→ **Directions for this task**: Using the listing below, keep only the lines with the word "Mini" and copy them.

→ **Records to use**:
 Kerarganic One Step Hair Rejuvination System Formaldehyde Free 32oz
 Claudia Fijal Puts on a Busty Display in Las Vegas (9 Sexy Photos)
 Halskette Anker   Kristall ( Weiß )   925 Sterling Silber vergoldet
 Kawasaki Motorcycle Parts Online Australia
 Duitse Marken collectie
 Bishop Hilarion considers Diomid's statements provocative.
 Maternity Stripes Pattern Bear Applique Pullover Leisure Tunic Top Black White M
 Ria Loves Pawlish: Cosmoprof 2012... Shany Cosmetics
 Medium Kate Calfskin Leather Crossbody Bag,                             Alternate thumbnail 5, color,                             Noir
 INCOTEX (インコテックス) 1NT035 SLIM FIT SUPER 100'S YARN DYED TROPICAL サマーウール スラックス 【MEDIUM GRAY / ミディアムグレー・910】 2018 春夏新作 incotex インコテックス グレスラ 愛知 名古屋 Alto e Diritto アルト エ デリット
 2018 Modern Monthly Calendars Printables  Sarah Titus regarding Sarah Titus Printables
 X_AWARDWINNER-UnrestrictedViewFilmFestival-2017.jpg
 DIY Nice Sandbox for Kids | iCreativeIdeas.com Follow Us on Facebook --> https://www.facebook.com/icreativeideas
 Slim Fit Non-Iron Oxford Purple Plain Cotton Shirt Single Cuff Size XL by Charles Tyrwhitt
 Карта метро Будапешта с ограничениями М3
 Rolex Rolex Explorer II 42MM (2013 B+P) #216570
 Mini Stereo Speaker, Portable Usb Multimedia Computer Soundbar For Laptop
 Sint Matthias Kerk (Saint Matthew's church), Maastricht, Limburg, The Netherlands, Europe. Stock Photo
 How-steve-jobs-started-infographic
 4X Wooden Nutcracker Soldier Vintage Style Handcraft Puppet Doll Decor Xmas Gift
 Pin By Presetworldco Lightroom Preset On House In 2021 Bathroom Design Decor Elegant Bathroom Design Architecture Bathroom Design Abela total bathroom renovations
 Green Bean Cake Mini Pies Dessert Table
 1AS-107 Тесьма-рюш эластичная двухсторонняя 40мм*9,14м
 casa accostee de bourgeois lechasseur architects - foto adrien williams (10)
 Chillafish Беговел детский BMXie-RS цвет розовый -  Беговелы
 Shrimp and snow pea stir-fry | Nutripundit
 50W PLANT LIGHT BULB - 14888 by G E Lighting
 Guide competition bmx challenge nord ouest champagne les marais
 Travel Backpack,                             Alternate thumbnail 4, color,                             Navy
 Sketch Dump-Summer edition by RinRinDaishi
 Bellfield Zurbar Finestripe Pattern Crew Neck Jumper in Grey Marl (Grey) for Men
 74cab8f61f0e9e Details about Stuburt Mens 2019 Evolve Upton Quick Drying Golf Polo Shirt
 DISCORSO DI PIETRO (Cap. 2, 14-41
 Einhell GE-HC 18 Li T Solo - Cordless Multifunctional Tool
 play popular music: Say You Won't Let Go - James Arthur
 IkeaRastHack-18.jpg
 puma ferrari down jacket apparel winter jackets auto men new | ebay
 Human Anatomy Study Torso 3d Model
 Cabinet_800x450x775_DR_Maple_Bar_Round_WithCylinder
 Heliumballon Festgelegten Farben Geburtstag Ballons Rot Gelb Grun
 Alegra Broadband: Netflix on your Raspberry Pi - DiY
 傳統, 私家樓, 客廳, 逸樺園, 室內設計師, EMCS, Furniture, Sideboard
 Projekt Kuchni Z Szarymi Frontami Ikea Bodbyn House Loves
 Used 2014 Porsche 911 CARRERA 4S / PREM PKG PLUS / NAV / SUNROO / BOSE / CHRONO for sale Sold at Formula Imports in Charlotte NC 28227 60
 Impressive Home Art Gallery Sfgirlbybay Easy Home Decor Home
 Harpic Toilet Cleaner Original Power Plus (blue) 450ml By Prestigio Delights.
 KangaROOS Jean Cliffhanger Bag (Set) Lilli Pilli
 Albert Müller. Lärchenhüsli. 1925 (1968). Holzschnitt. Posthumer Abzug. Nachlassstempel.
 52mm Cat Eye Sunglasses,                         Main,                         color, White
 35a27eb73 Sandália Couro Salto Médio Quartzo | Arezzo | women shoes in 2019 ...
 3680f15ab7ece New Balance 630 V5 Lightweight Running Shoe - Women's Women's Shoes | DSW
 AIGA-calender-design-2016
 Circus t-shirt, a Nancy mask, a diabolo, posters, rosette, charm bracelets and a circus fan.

→ **The answer**:
 Mini Stereo Speaker, Portable Usb Multimedia Computer Soundbar For Laptop
 Green Bean Cake Mini Pies Dessert Table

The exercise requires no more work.